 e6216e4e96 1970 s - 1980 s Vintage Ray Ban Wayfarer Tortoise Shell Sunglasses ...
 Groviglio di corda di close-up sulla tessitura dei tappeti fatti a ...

* * *

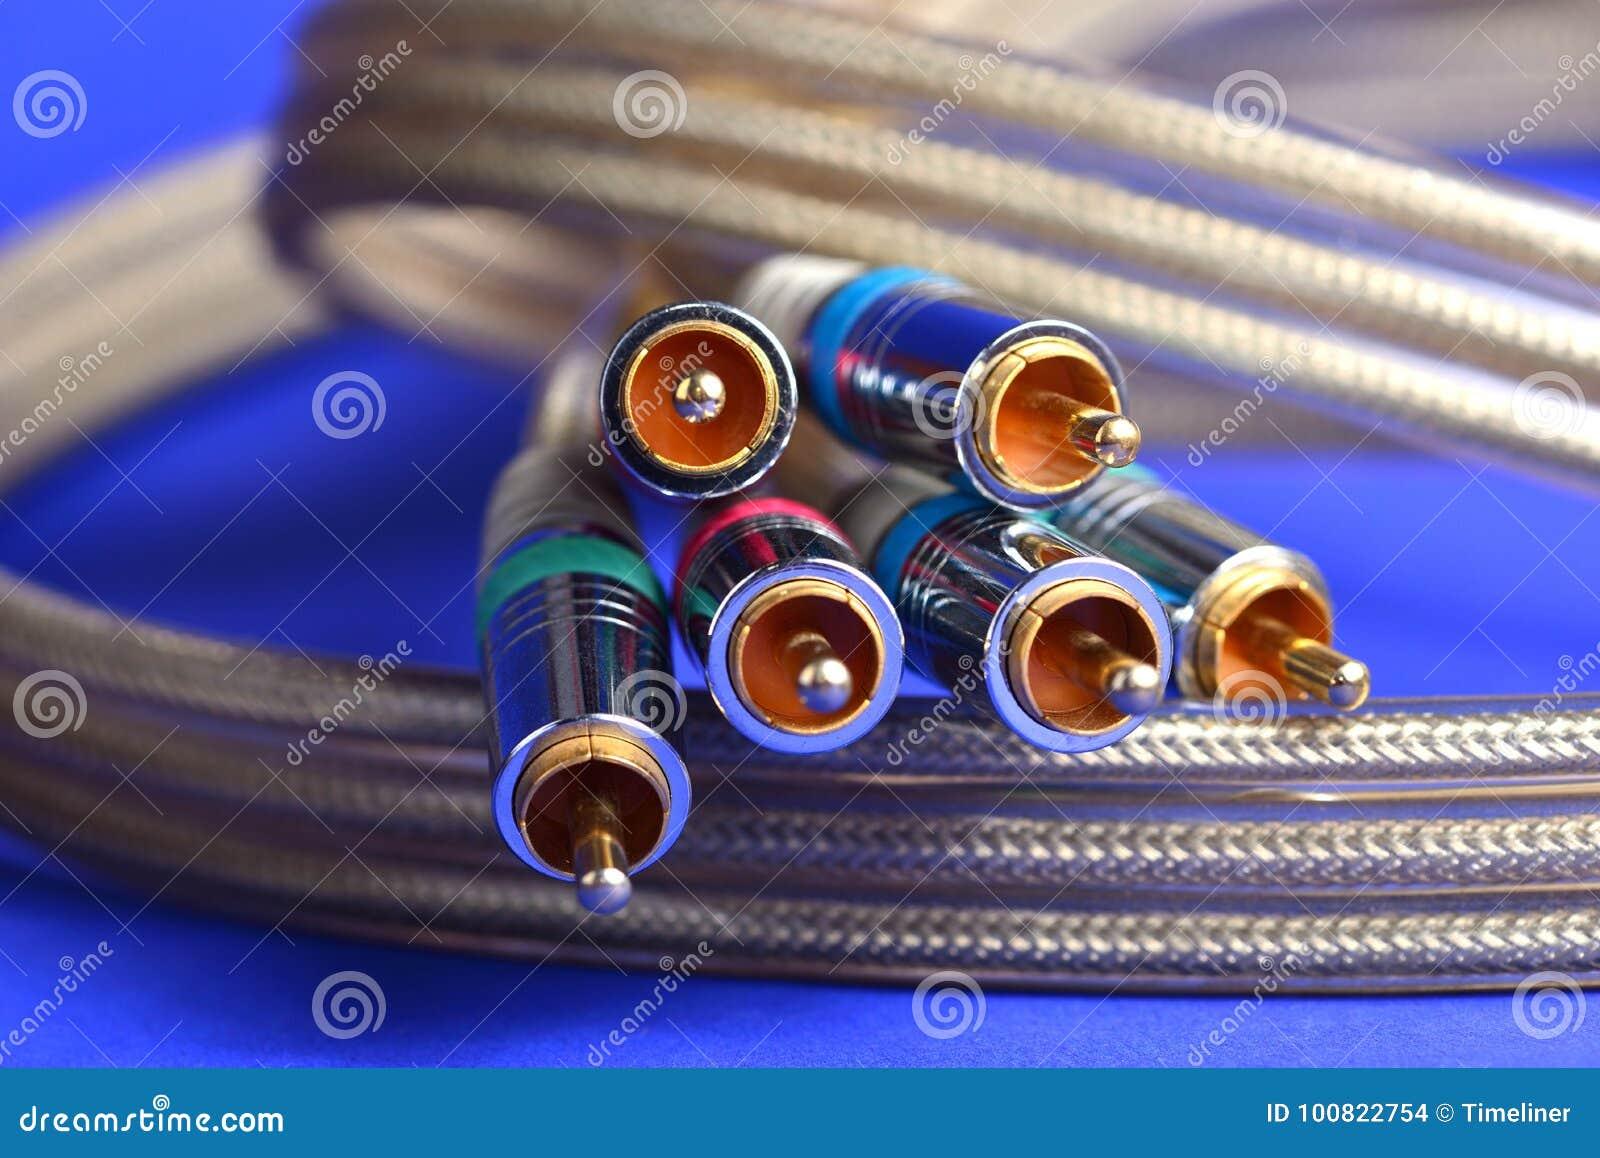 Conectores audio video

▸ **TASK DIRECTIONS**: Your answer must be the lines above from the one containing "e6216e4e96 1970 s" to the one containing "Groviglio di corda", both included, restated word for word.

▸ **WRITTEN ANSWER**:
 e6216e4e96 1970 s - 1980 s Vintage Ray Ban Wayfarer Tortoise Shell Sunglasses ...
 Groviglio di corda di close-up sulla tessitura dei tappeti fatti a ...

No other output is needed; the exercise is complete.